Then, last month, Nick Clegg challenged Nigel Farage to debate the European question face to face. After a day’s hesitation, the leader of the third most popular party agreed to a debate with the leader of the fourth most popular party, and those democratic expositions will take place on the radio on 26 March and on television on 2 April. Political debates that attract large audiences are plainly a good thing, even if the leaders of the first and second parties refuse to take part in them, and there is something in Mr Clegg’s argument that to have the “party of in” take on the “party of out” might achieve clarity.

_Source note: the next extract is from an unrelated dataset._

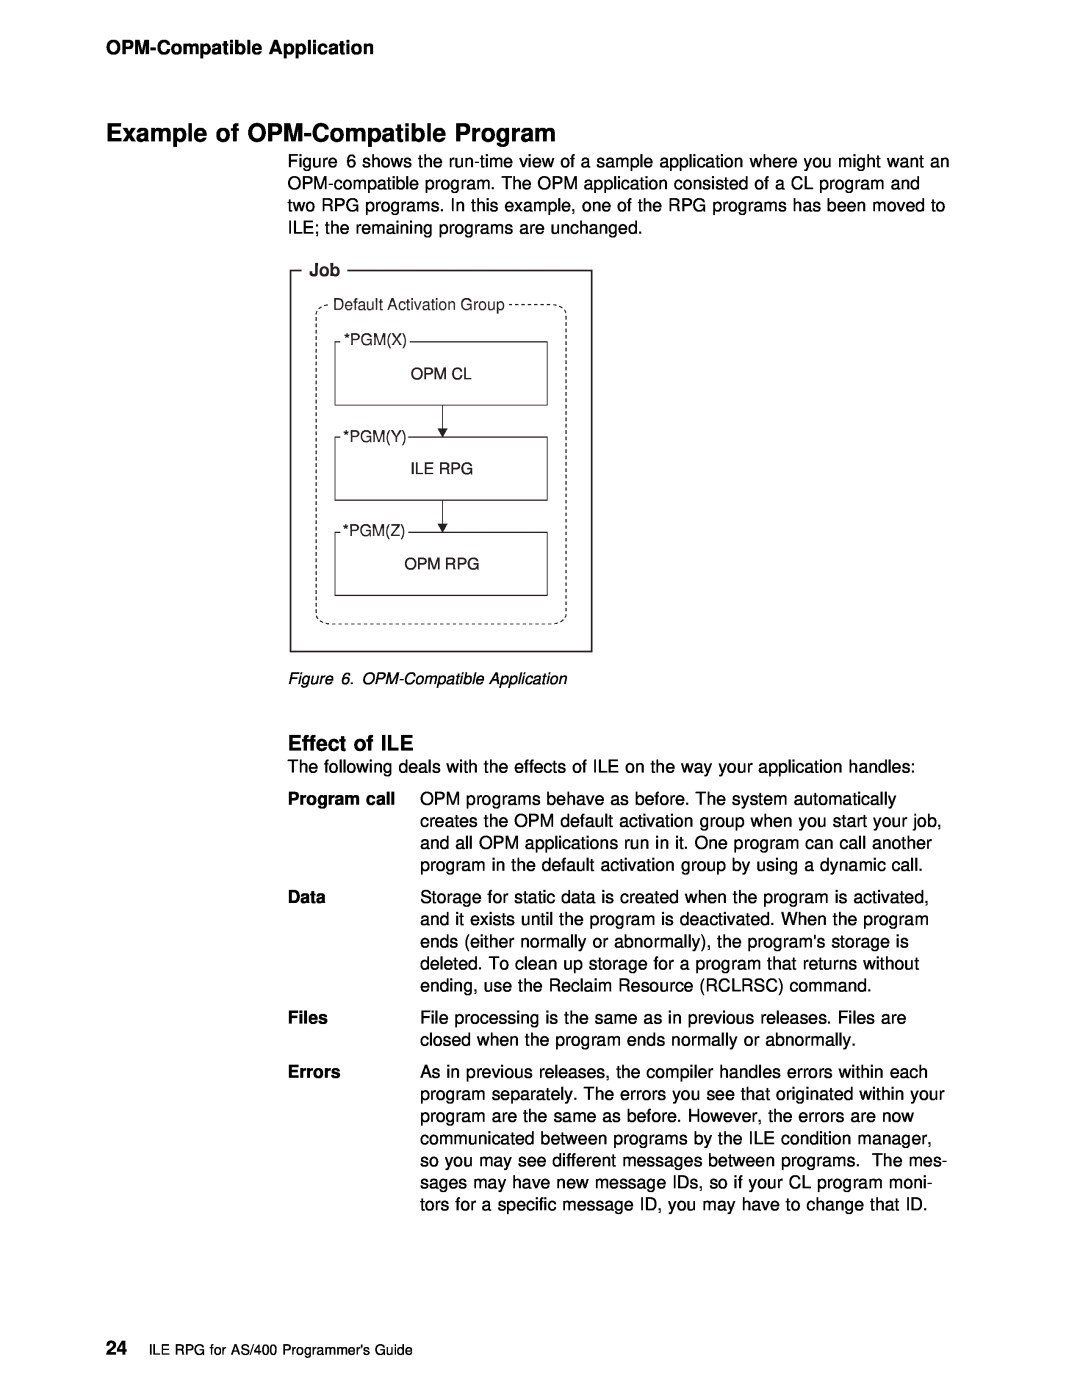 IBM AS/400 manual Example of OPM-Compatible Program, Effect of ILE, OPM-Compatible Application

Even so, Mr Clegg is the leader of a party that has lost more than half of its support by going into coalition and who has little to lose. He seems desperate to differentiate his party from his coalition partners, and to win over the minority of the electorate who are passionately pro-EU.

Finally, on Wednesday, Ed Miliband joined the Prime Minister and the Deputy Prime Minister in adopting a policy on Europe determined by party-political advantage. Where Mr Cameron is spooked by sceptics, and Mr Clegg fears electoral eclipse, Mr Miliband’s concern is that Labour will once again fight a general election without any significant business support. His plan to freeze energy prices alarmed investors and prompted wider worries about whether the Labour leader understands wealth creation.

But Mr Miliband saw an opportunity to win back some ground by opposing an EU referendum in the next parliament. He sought, not quite successfully, to balance this message with support for the principle of a referendum if other EU members seek to transfer further powers to Brussels – which he admitted was “unlikely”. He seems to have calculated that business support is more important than “letting people have their say”, and was rewarded with the blessing of the CBI.

Mr Miliband has, at least, ended up in roughly the right place. The Prime Minister’s promise of a vote is a foolish one. Although the European treaties will have to be rewritten one day, the end of 2017 is an artificial deadline and the prospect of all 27 other members of the Union agreeing to anything that would remotely satisfy the majority of Mr Cameron’s party is nil. Fortunately, the three leaders of the main parties in the House of Commons are committed in their different ways to our membership of the EU. But is this really the way to run European policy – with all three possible leaders of the next government frightened of their own shadows?